“Last night I dreamt I went to Manderley again”.
E assim tem início um dos romances anglo-saxónicos mais aclamados do último século e a minha sugestão de leitura para o mês de julho. Rebecca fala-nos de um homem, duas mulheres e uma casa, sendo que a esta última compete o grande papel narrativo. O próprio livro assim o dita quando a sentencia a um penoso desaparecimento por incêndio condenando, consequentemente, a nossa narradora e o seu marido ao exílio. Este é um romance simultaneamente melancólico e expansivo. Em 1940, Hitchcock adaptou-o ao cinema e isto é a melhor descrição possível, pois nunca um romance serviu tão bem o estilo de um realizador.
Com laivos de Cinderella, a narradora de Rebecca é uma jovem sem nome, berço ou algo particularmente distintivo. Ainda assim, chama a atenção de Max de Winter, rico viúvo inglês e senhor de Manderley – uma luxuosa casa no interior bucólico de Inglaterra – que, numas férias em Monte Carlo, trava consigo conhecimento. Não obstante a diferença de idades e estatutos sociais, a narradora vê-se, abruptamente, casada com Mr. de Winter, assumindo, também ela, o lugar de senhora de Manderley. O idílico cenário esconde, porém, a nefasta presença de Rebecca, a falecida esposa de Max que, para alguns – incluindo a nossa narradora – será sempre a verdadeira Mrs. De Winter.

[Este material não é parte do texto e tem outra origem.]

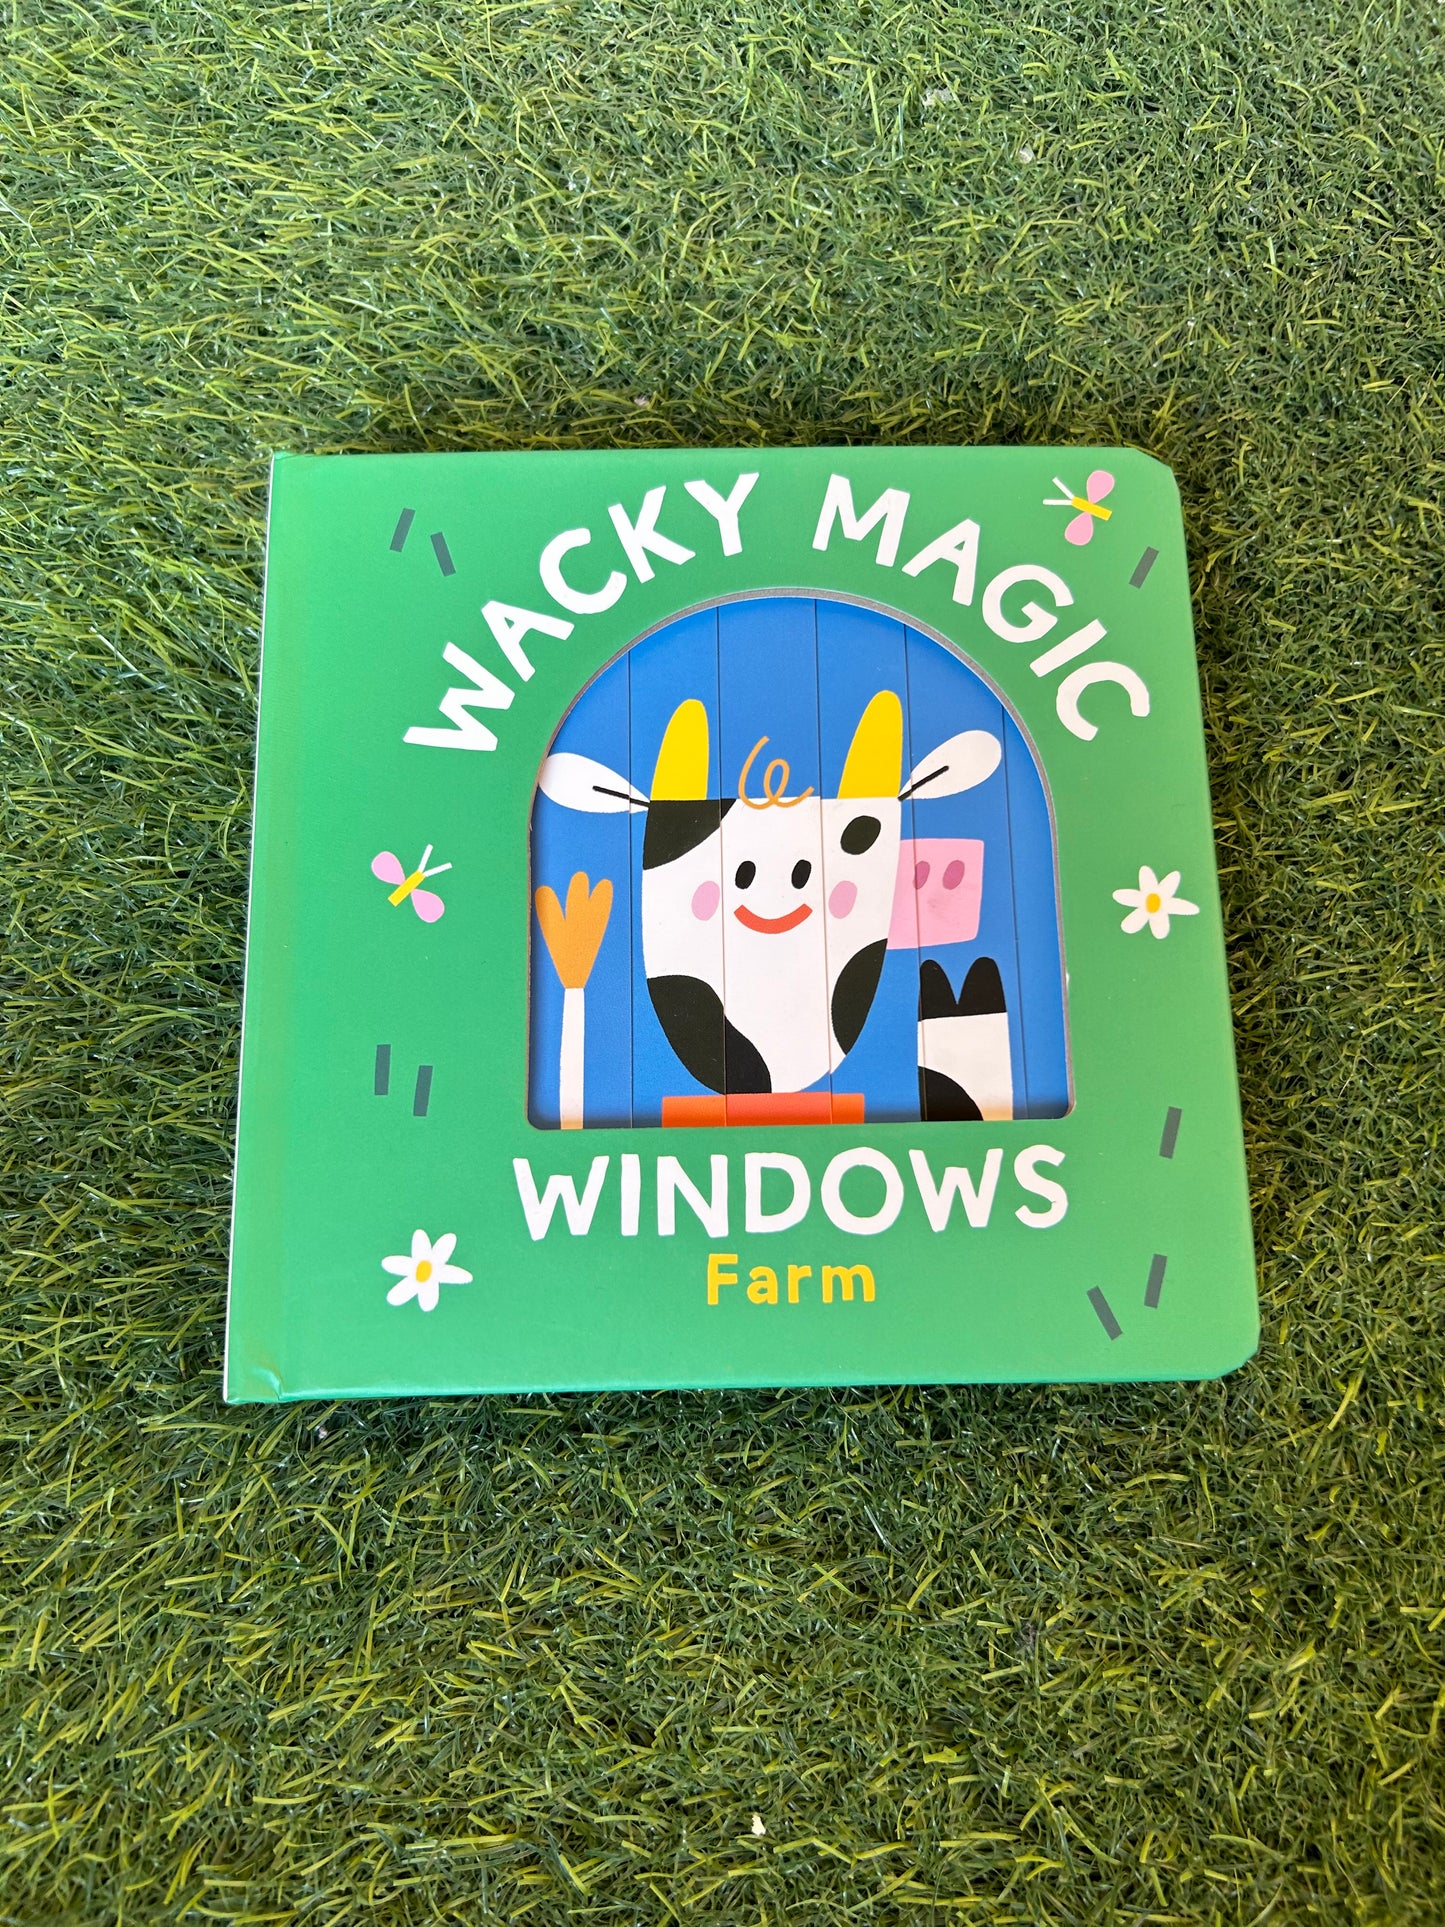 Wacky magic windows

Segundo os mais eruditos, Rebecca foi o romance mais difícil de Daphne du Maurier. Há muito que a Autora se sentava a escrever sem conseguir produzir. Talvez por isso não tenha sido tão grande choque quando, após a sua publicação, vieram as acusações de plágio. A narrativa era muito similar à de “A Sucessora”, livro da brasileira Carolina Nabuco que, anos antes, tinha tentado vender a tradução do seu livro à editora que representava du Maurier. Não li “A Sucessora” e, por isso, não posso concluir estar – ou não – na presença de uma obra plagiada. A ser verdade é uma pena porque Rebecca é um grande romance.
Desde logo, consegue a proeza de ir manipulando o leitor que se vai envolvendo numa trama complexa e repleta de elaboradas traições. Para muitos, é sobre os ciúmes e inseguranças de uma mulher que, na verdade, falhava em se afirmar como tal. Para outros, tal como eu, é um romance atmosférico que oferece personagens negras e uma subtil e inteligente reflexão sobre género, homossexualidade e papéis sociais. Em Rebecca, os sonhos transformam-se em pesadelos, as obsessões destroem vidas e uma casa cheia de segredos parece tão real quanto os seus habitantes, mortos ou vivos.
Sinopse oficial do Livro:
Escrito em 1938, Rebecca é uma obra de fôlego, diversas vezes adaptada ao cinema. Porém, só em 1941, numa versão de Alfred Hitchcock, o filme ganharia protagonismo, chegando mesmo a vencer dois Óscares, estando nomeado para nove categorias. Rebecca é um clássico onde os sentimentos adquirem um lugar de destaque. Sentimentos no feminino, já que se trata da história de duas mulheres que se envolvem com o mesmo homem, apenas com uma particularidade: Rebecca está morta. E é o fantasma, embora nunca visível, do seu passado que assombra a nova mulher, agora casada com o nobre britânico e apaixonado de Rebecca. A intriga é assombrosa e ao mesmo tempo envolvente, deixando sempre a sensação de que Rebecca é omnipresente. E é com esta imagem antiga que a nova mulher do viúvo Maxim de Winter terá de enfrentar todos os que amavam Rebecca e que a encaram como alguém que veio para lhe roubar o lugar. Rebecca é o romance que celebrizou Daphne du Maurier e que conheceu 28 reedições em quatro anos só na Grã-Bretanha.